O que diz a investigação Ora, o que a investigação, na sua grande parte com origem no Reino Unido e nos EUA, tem maioritariamente revelado é que, havendo uma associação positiva, ainda que pouco significativa, entre a competição entre as escolas e o seu desempenho enquanto organizações, não existe correlação clara entre o sucesso escolar dos alunos e a liberdade de escolha. Num relatório para a OCDE sobre os mercados em educação, Waslander, Pater e Van der Weide (2010) reviram mais de 200 estudos empíricos sobre as ligações entre a escolha parental e a competição entre escolas (básicas e secundárias) e os resultados educativos. Chegaram à mesma conclusão: os estudos ou não identificam quaisquer efeitos, ou estes são mitigados, fragmentados e, frequentemente, inconclusivos. Estes resultados estão em linha com os de outros estudos, segundo os quais, os referidos efeitos são, na melhor das hipóteses, mistos. Ainda que sejam poucas as pesquisas a reportar efeitos negativos da competição e da escolha, é a frágil ou, em alguns casos, mesmo inexistente relação destas com impactos educativos positivos que agora parece oferecer-se como base para a sua implementação.

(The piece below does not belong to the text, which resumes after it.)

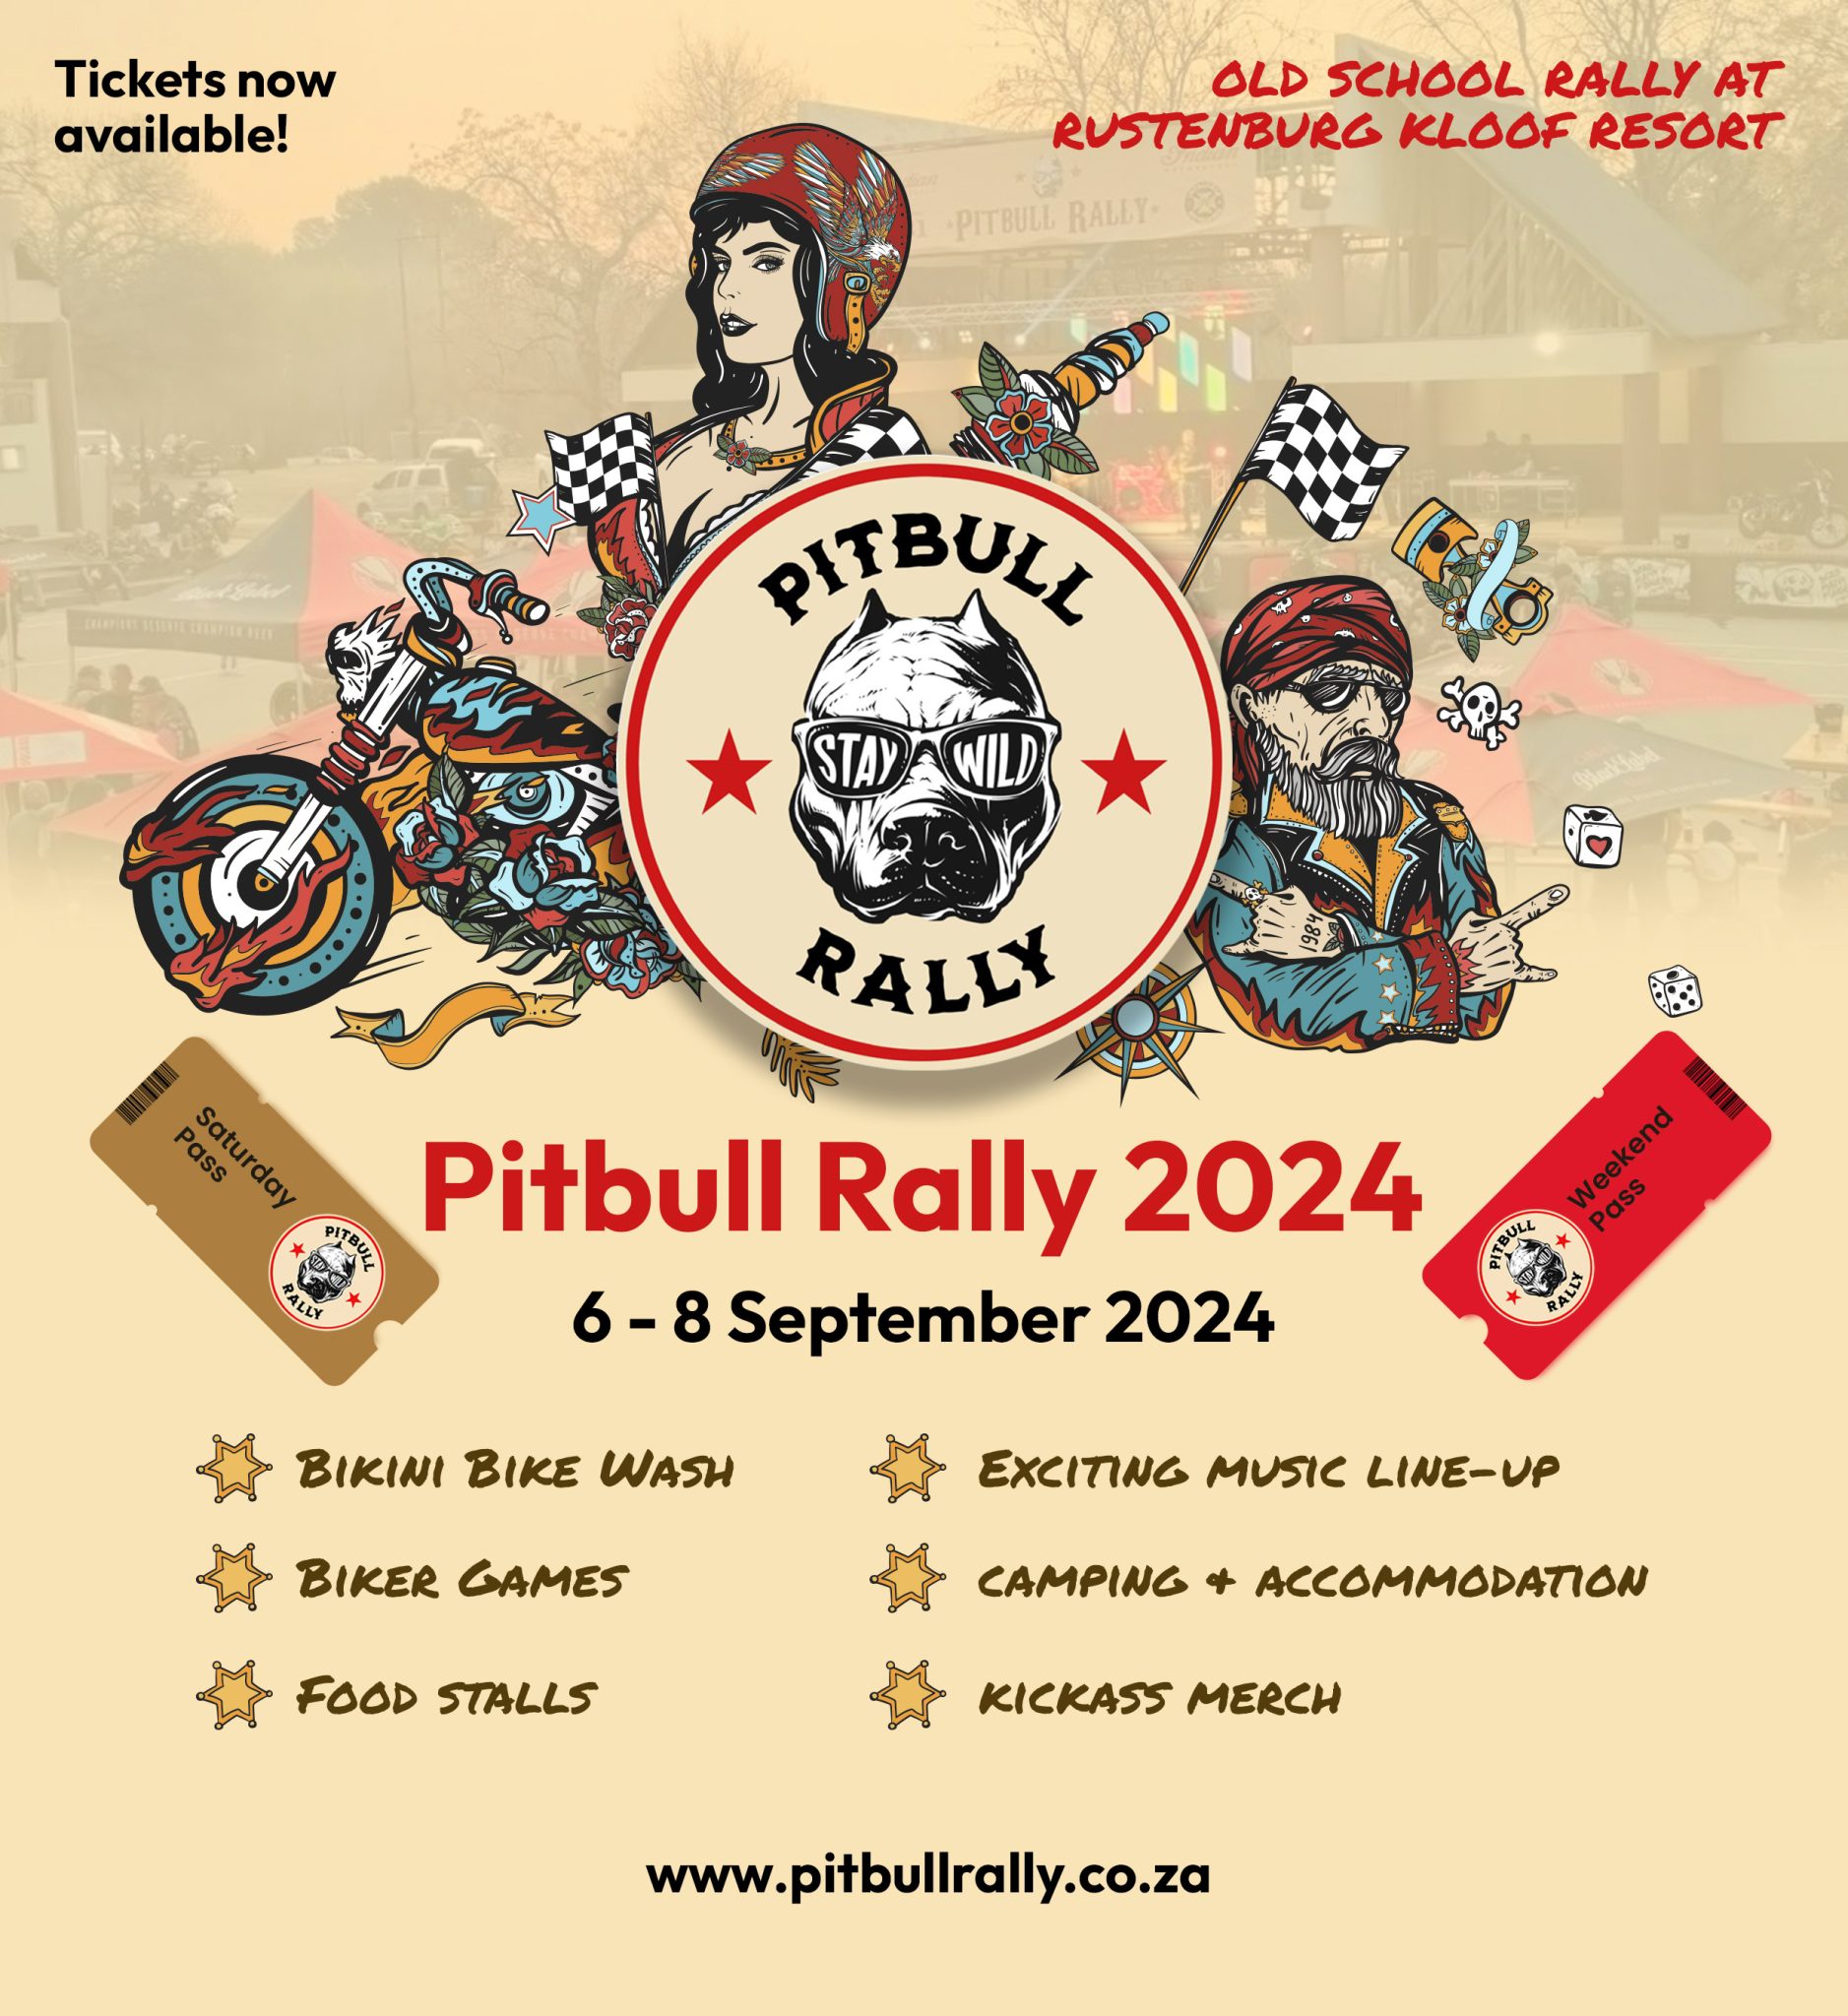 Pitbull Rally OLD SCHOOL RALLY

Se não é ideologia, é o quê? É, evidentemente, necessária mais pesquisa sobre os impactos destes instrumentos de governo da educação, mas surge clara a inspiração ideológica da centralidade atribuída à escolha e, logo, à competição. Estas emergem, no atual contexto da educação portuguesa, enquadradas na perspetiva do individualismo de inspiração neoliberal. A possibilidade de escolha dada aos cidadãos é algo inerente à própria ideia de participação democrática, na perspetiva de que os indivíduos devem ser sujeitos das suas escolhas. O que se trata aqui, porém, é de denunciar a condenação dos indivíduos a serem apenas isso, entidades socialmente descontextualizados. Não é a liberdade de escolha que está em discussão, mas o quadro político em que ela se institui como instrumento de governação da educação. A insuspeita Diane Ravitch, que teve grandes responsabilidades no Departamento da Educação dos EUA, onde entrou em 1991, a convite de George W. Bush, no seu livro «The Death and Life of the Great American School System» (2010), diz que aderiu “ao argumento de deixar o dinheiro federal ir com os estudantes pobres para uma escola da sua escolha. Se as crianças não eram bem sucedidas na escola pública regular, por que não deixá-las usar o financiamento federal para irem para outra escola pública ou privada – ou até religiosa?” Mas concluiu duvidando que a escolha e a competição fortalecessem a educação americana e que “poderia ser mesmo perniciosa para as escolas públicas a saída dos melhores alunos das escolas das zonas mais pobres”. Dados os estudos sobre os impactos da competição e da escolha e as experiências do seu desenvolvimento em diversos contextos nacionais, introduzi-las na agenda política como valores em si mesmos, se não é ideologia, é o quê?